RAINBOW’s Distributed Data Storage and Sharing Service’s role is to provide persistent and in-memory data storage capabilities to nodes scattered across the fog continuum to ensure in-time access to the collected monitoring data by collaborating entities such as the Analytics service.
The storage needs to be able to complete the I/O requests without impending heavy I/O overheads on the fog node. Furthermore, it needs to be capable of coping with the dynamic nature of the fog ecosystem, where many failures and/or disconnections may happen and nodes can enter or exit the ad-hoc network of the cluster.
Moreover, the placement of data in such environments, apart from the fog node stability, needs to consider the user-defined and the orchestrator queries that run over the fog nodes. A query’s latency can be highly affected by the location of its input data mainly due to low bandwidths or even privacy and security reasons. Thus, it is crucial to carefully consider where to place and replicate input data in order to mitigate any overheads that may occur during the execution of the query.

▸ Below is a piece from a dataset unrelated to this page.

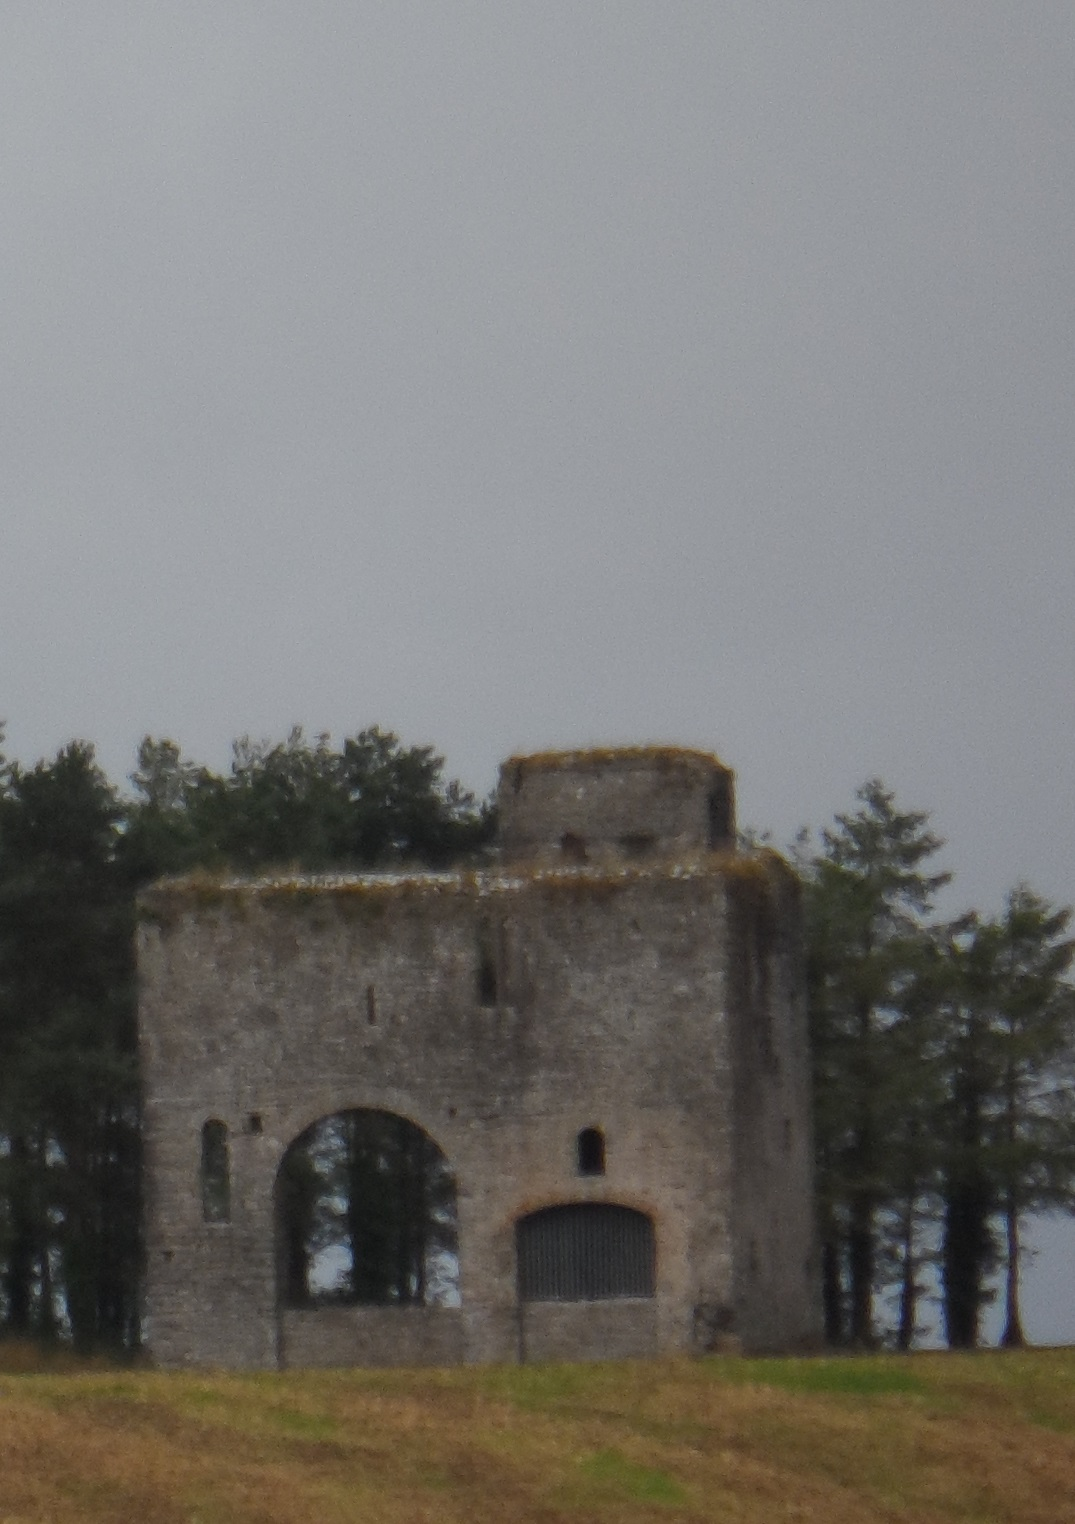 Rathcoffey Castle  Wikipedia

To cope with the aforementioned problems of the fog continuum, RAINBOW’s Distributed Data Storage service offers dynamic data placement techniques and employs different mechanisms than those typically encountered in modern cloud-hosted storage solutions. To this end, it incorporates two dynamic data placement policies. The first is based on the fog node stability metadata, while the second one is driven by analytic applications running on top of distributed storages considering the latency, data freshness and quality objectives.